2. Kenapa pasien muncul gejala” mual, anoreksia, cemas, insomnia? Dan berpendapat
gejala mereda jika minum alkohol?
3. Apa tanda dan gejala dari sindrom ketergantungan? Dibedakan antara tanda dengan
gejalanya?
SINDROMA KETERGANTUNGAN
Ketergantungan zat adalah bentuk dari akibat penyalahgunaan zat yang berlangsung
pada waktu yang lama atau dalam periode penggunaan yang lama. Ketergantungan zat ini
merupakan gangguan kontrol terhadap penggunaan zat psikoaktif; yang sering ditandai
dengan ketergantungan fisiologis atau penggunaan kompulsif pada suatu zat. Orang-orang
yang manjadi pengguna kompulsif kurang dapat mengendalikan penggunaan obat. Merekea
mungkin sadar bahwa menggunakan obat dapat merusak hidup dan kesehatan mereka,
namun mereka tak mampu berhenti untuk menggunakan obat tersebut walaupun mereka
ingin.
Penggunaan secara terus-menerus zat dalam waktu yang lama dapat mengubah reaksi
fisiologi tubuh, menyebabkan perkembangan toleransi atau gejala putus zat secara fisik.

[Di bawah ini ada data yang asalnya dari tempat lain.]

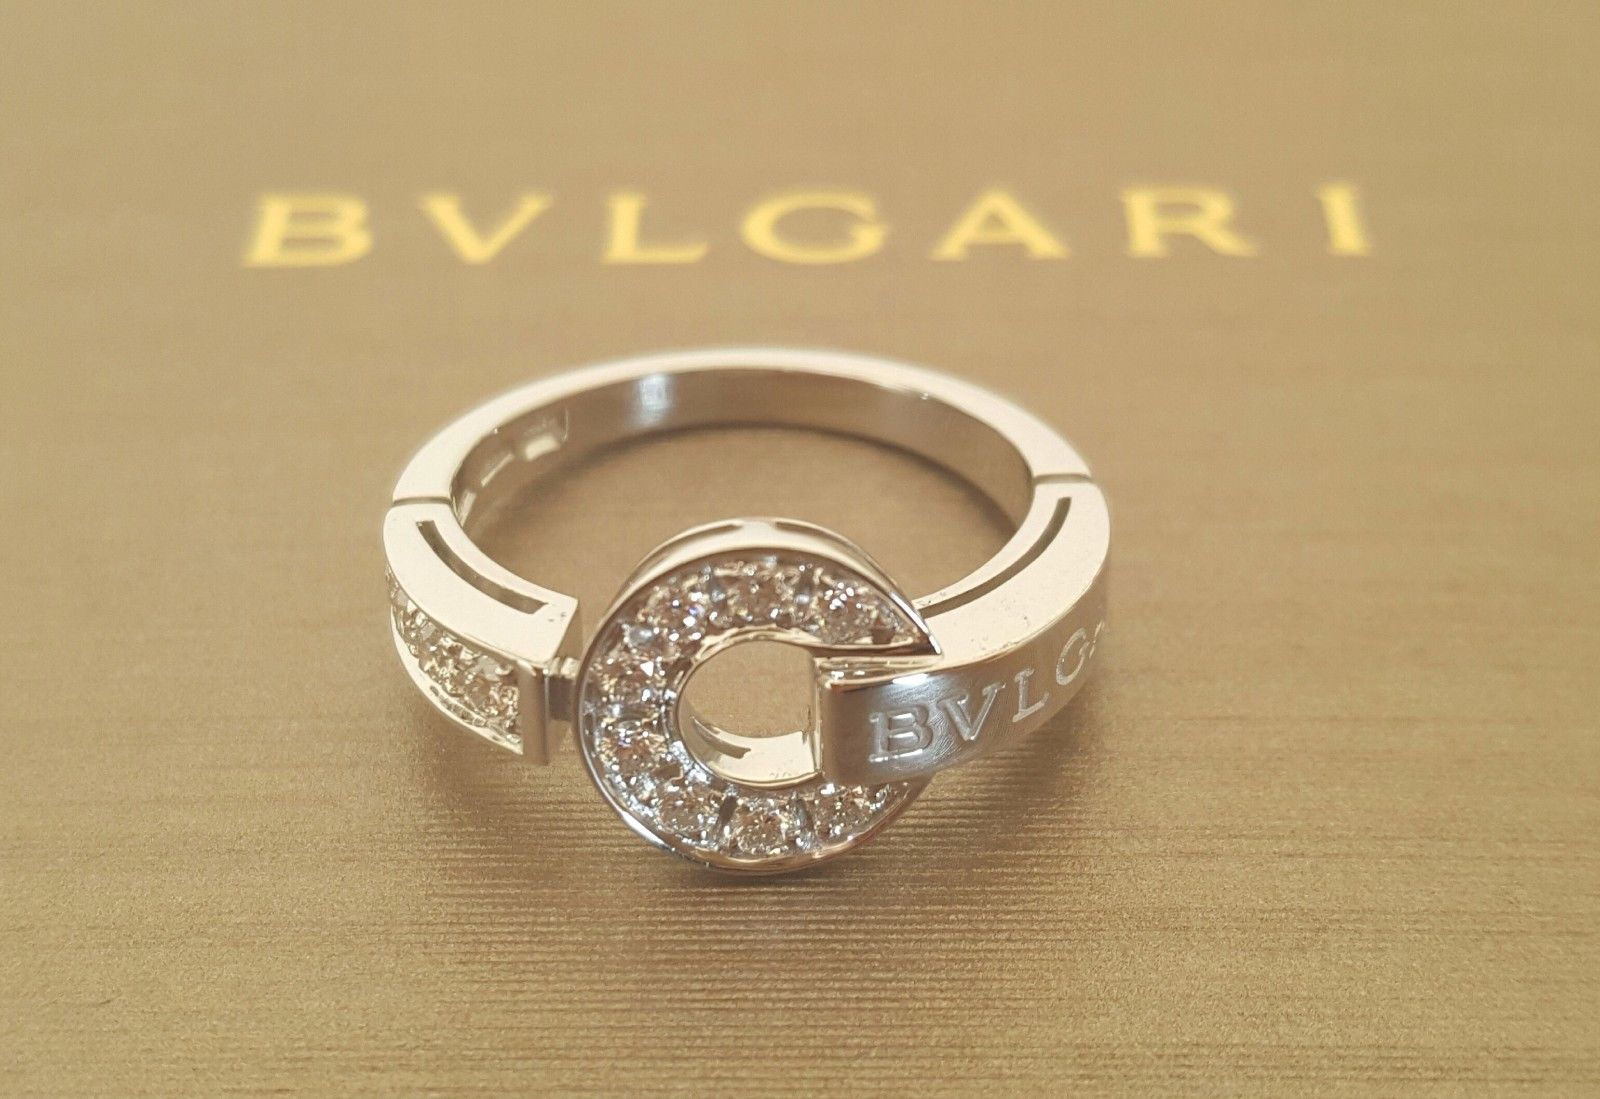 bvlgari ring made in italy

Sindrom putus zat (withdrawal syndrome) adalah sekelompok karakteristik gejala putus zat
yang terjadi saat orang yang tergantung secara mendadak menghentikan penggunaan zat
tertentu setelah periode penggunaan berat dan berkepanjangan. Gejala putus zat bervariasi
tergantung tipe obat yang digunakan. Ketergantungan zat di bagi menjadi dua jenis yaitu
ketergantungan fisiologis atau yang berhubungan dengan tubuh, dan ketergantungan
psikologis yang berhubungan dengan kebiasaan dalam memenuhi kebutuhan psikologis.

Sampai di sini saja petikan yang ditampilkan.